My Dots DIY mission, however, is suffering.

I seem to spend all of my time taking care of a thriving adult human – me. Just existing without getting sick or mental breakdown is hard work. Is that sad? Being responsible for your home, your pets, your important relationships, your financial, social and civic duties is non-stop. It can feel like a slog. Then I try to add happiness, or peace, and feel grateful for the opportunity to try.

I hope that’s not sad.

On top of merely staying alive, I want to make pretty and functional things with my hands. But first I have to create some space to enable the creativity (instead of melt-downs) to flow. That sounds like such an excuse, I know. But look at that pile of books and DVDs up there from mid-February. It's even worse now!
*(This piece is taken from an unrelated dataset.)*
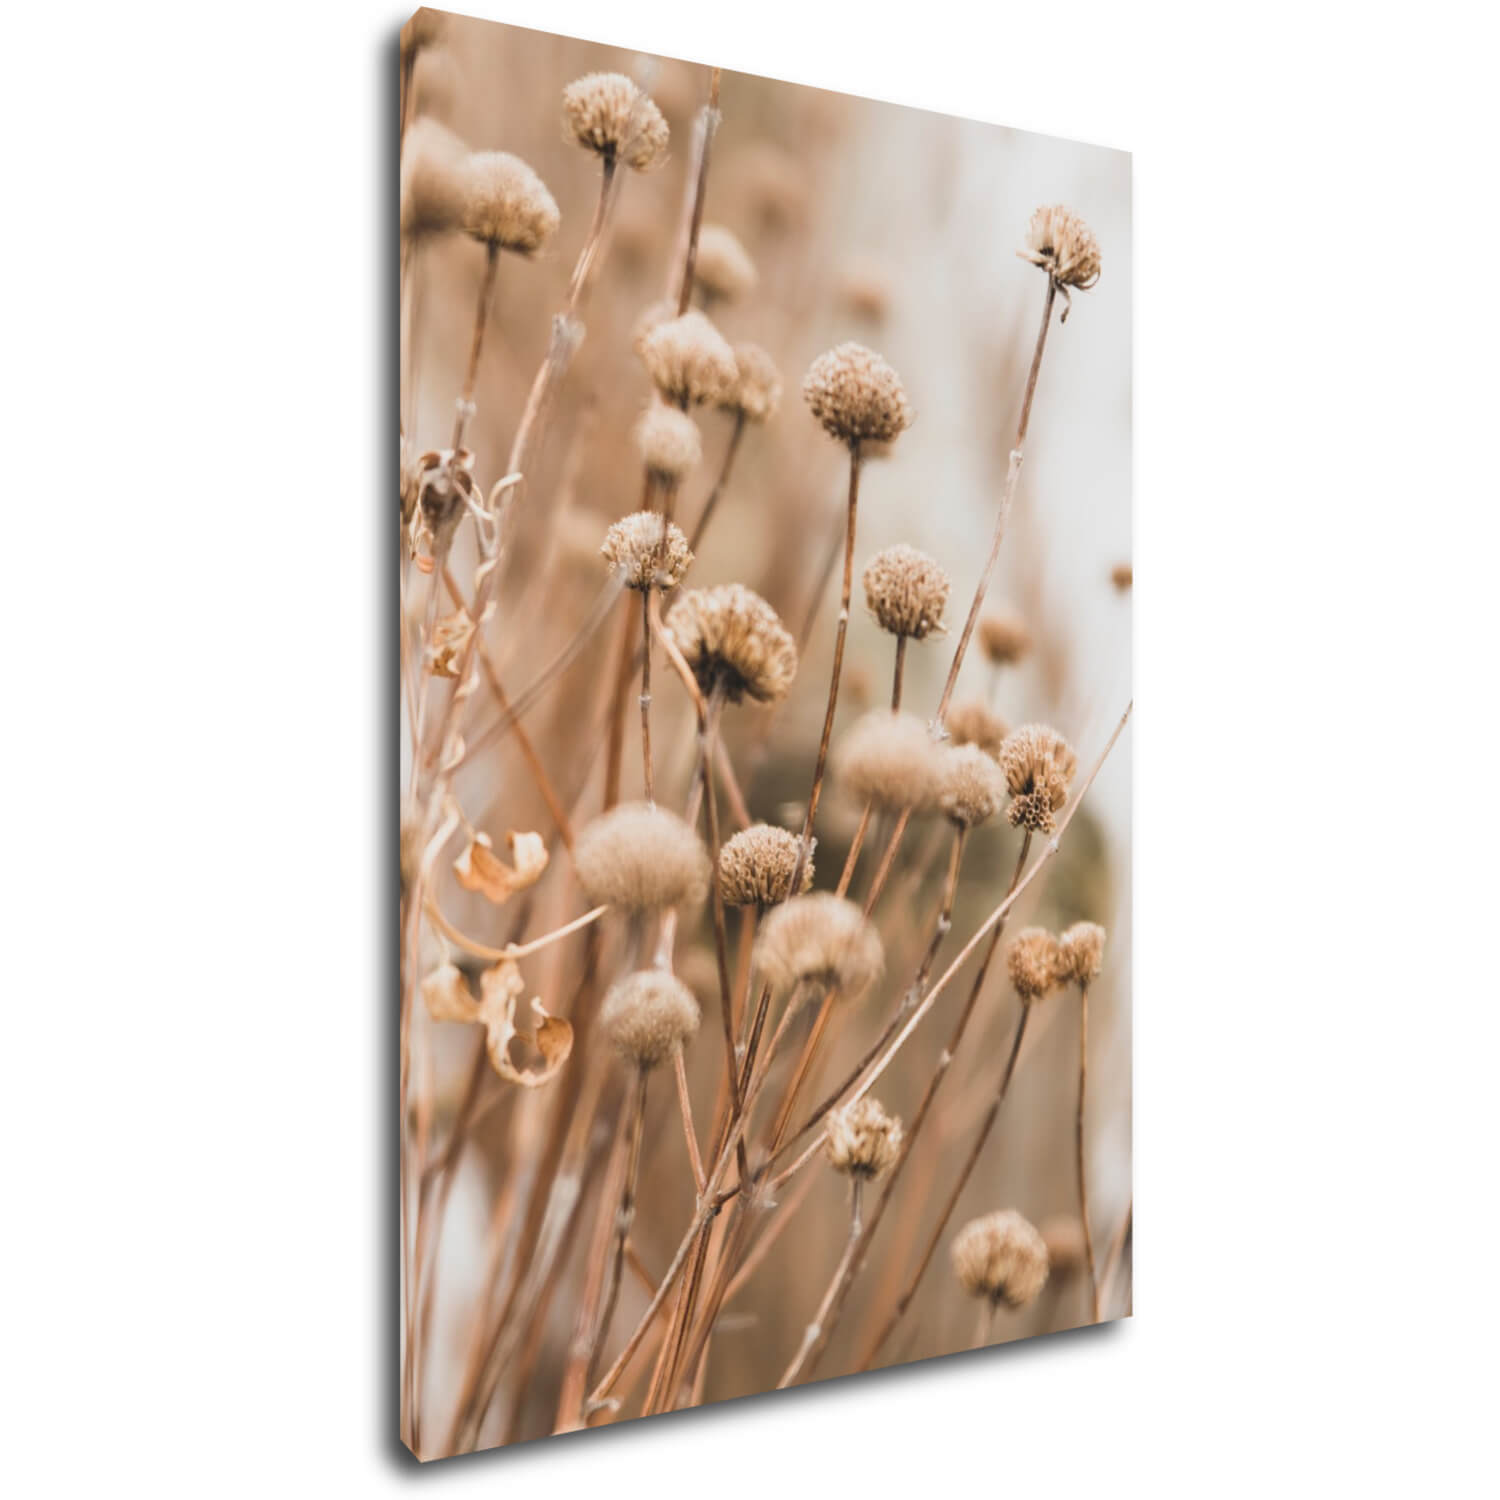 Obraz Škandinávsky štýl suchá tráva - 50 x 70 cm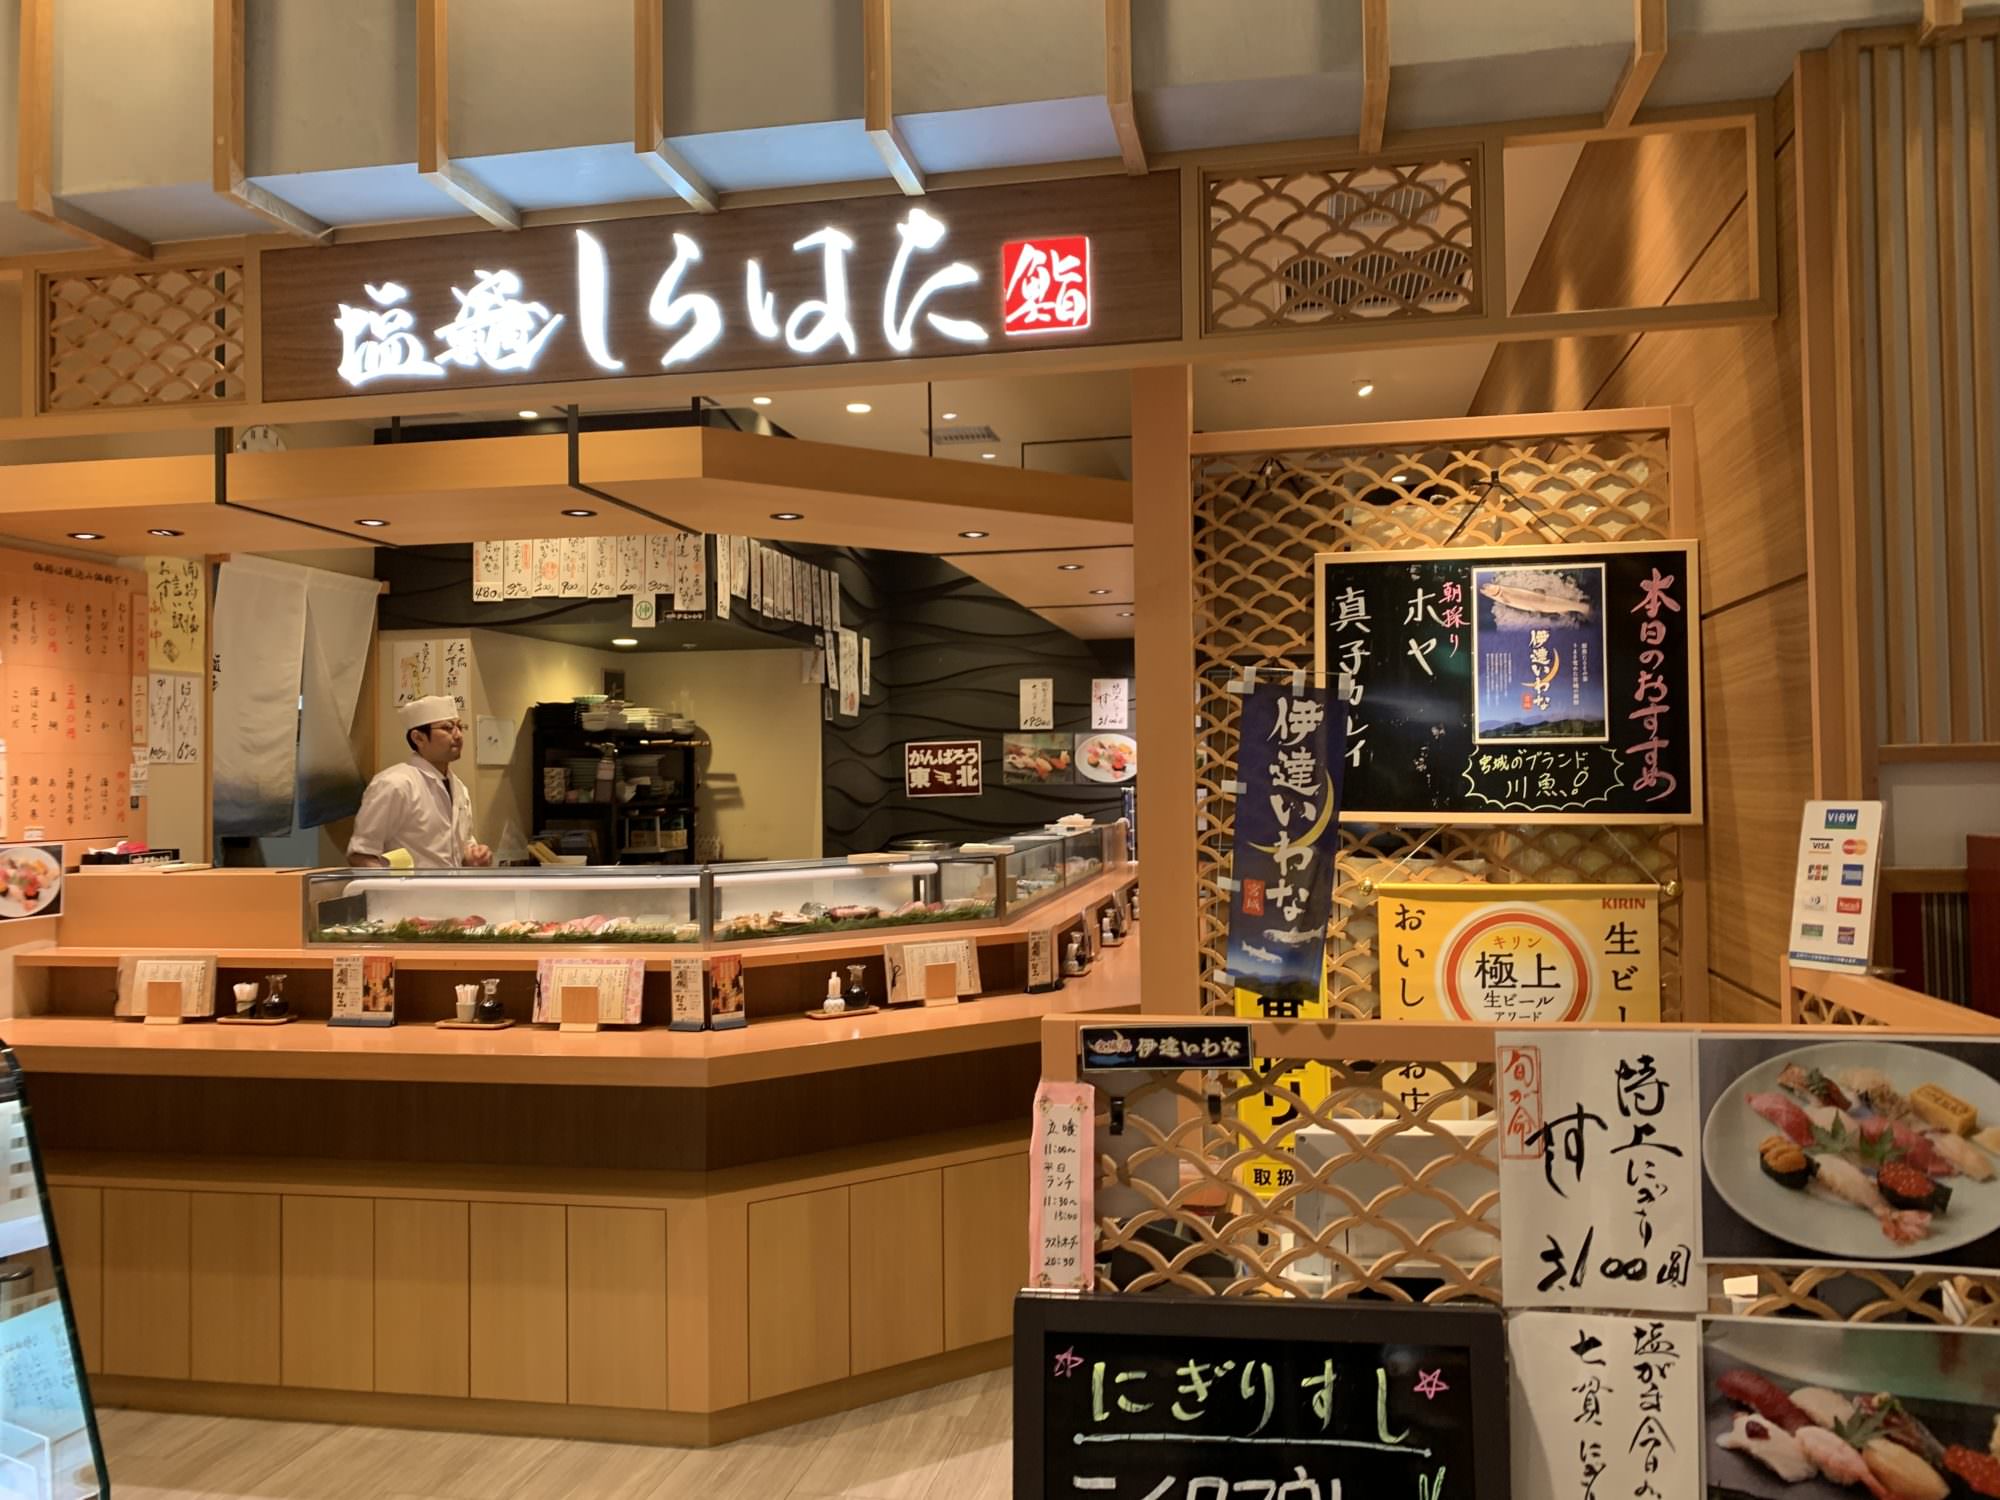 仙台グルメ 立ち喰い鮨 塩竈 しらはた 仙台駅でサクッとお寿司を キャリア を脱ぎ捨てて

With self-forgiveness in my heart and home improvements on my mind, here are a few ideas that have me daydreaming:






Making long, light necklaces (top, lower left, lower right)


I will also be helping in the construction of three walls, the addition of a sink, and generally turning a large warehouse into a welcoming nest. One revelation in my twenties was how much I like hosting parties large and small (mostly small). I know some of these DIYs are just begging for small gatherings (we'll light the grill I don't have yet, drink homemade beer from the tap that's not ready yet, sit around the table that's currently obstructed...). 

Well, sounds like I better get to work.